Well you got the distant right. Somewhere many miles along the tenuous wires there was a plot, but the messages were so heavily encoded, I didn't have much of a clue what was going on the other end.
While I've been enjoying Bailey, by the end of 'A Distant Likeness' I understood why this one is more of a rarity. The prose gets sliced and diced like the murder victims it describes, between longer passages of struttingly profane dialogue that just briefly break beyond babble into some sort of sense. Bailey writes with verve that you sense he relishes, so there is some infectious enjoyment to be had. It was certainly more mysterious than the clichéd genre detective story it deconstructs. This is Agatha Christie as a forensic crime scene of scattered clues, thrown like so much chopped entrails all across the walls and floor. The idea was ambitious and knowingly experimental but for such a tiny novella, it's a bad sign that I found myself counting down the pages to the end.

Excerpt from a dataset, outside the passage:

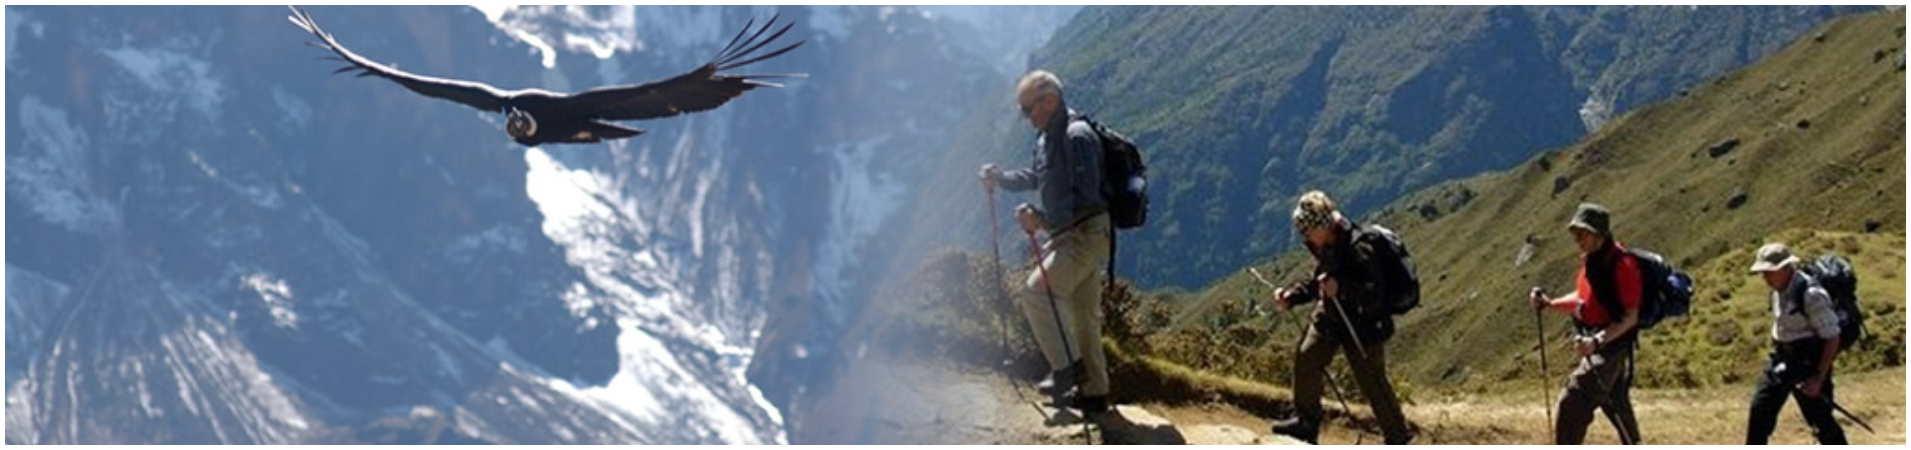 Tours al Cañón del Colca 2 días qori inka travel agency
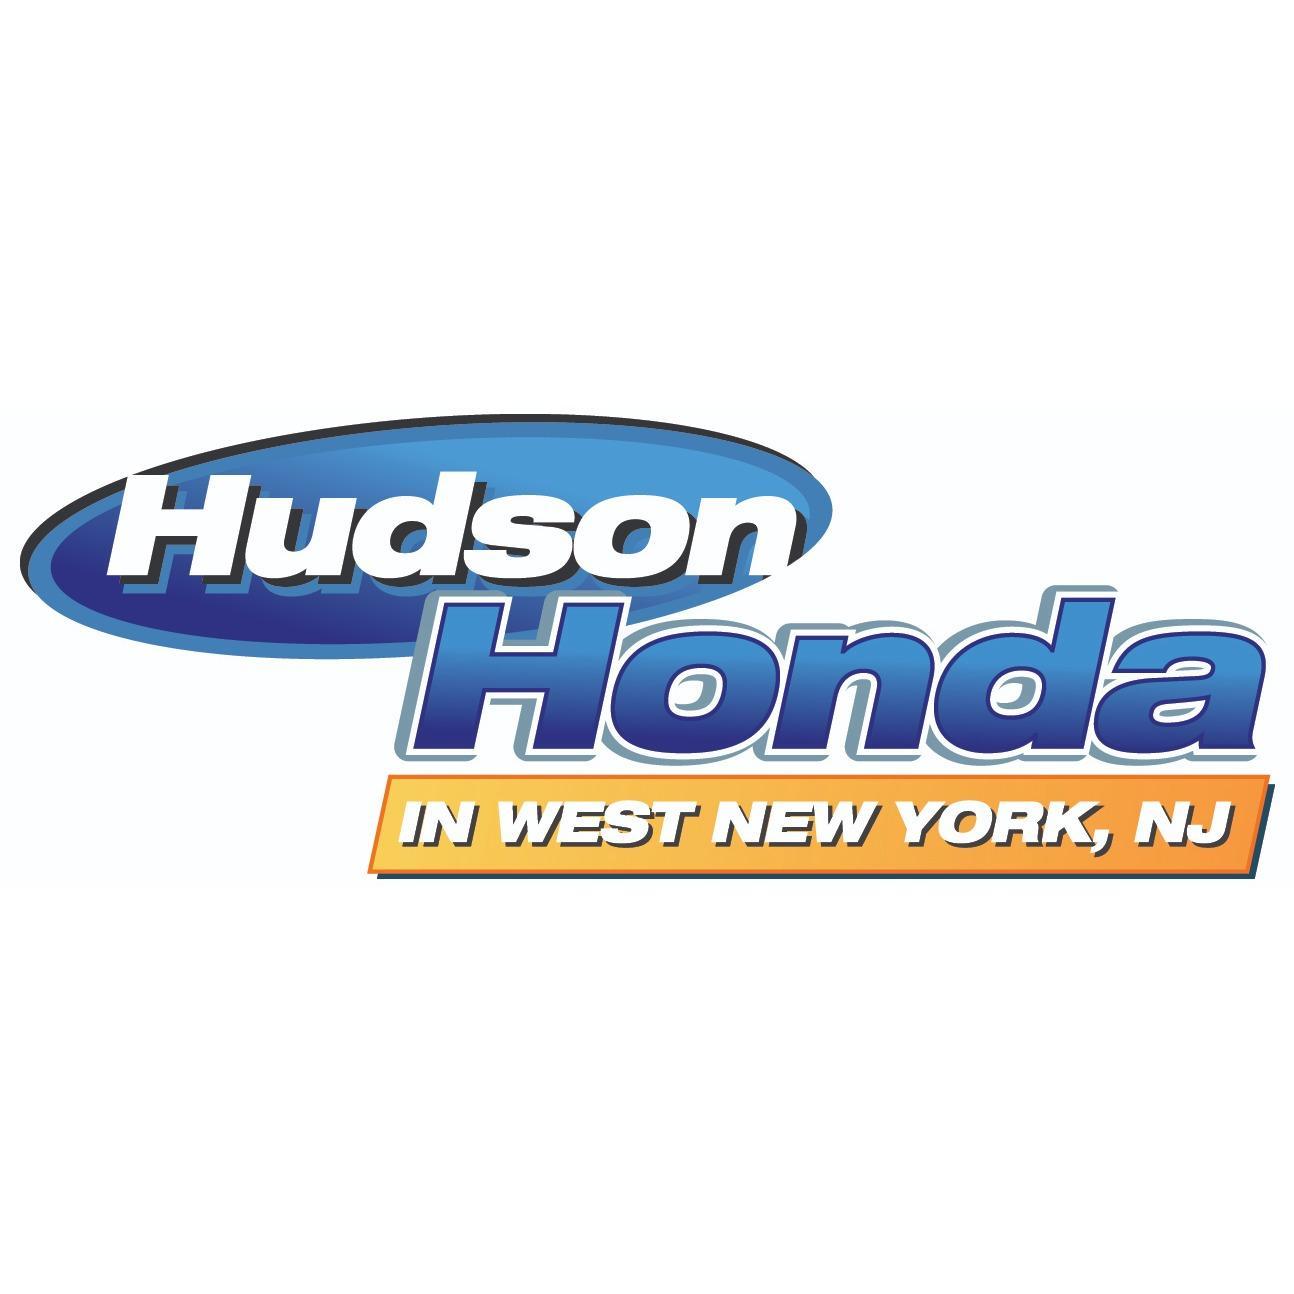 Hudson Honda Service & Parts image 3

Mine was a slightly more expensive than average ex libris copy, which came with two pleasant surprises. The first was it's stamp for Wolverhampton Library. The book itself represents an artefact of Slade-era 1973, and the city just down the tracks from where I live. The second surprise was the cover, which both accurately represents the turmoil of words within, while elevating the effect with a monochromatic mania of faces.
Overall, this felt like Bailey's fever-dream, made me wonder how much Bailey had been experimenting with contemporary psychedelics when he sat down to write. Nestled as the third of his first four novels, this was my least favourite. Wires crossed, this was LSD - Literary Semaphore Delirium.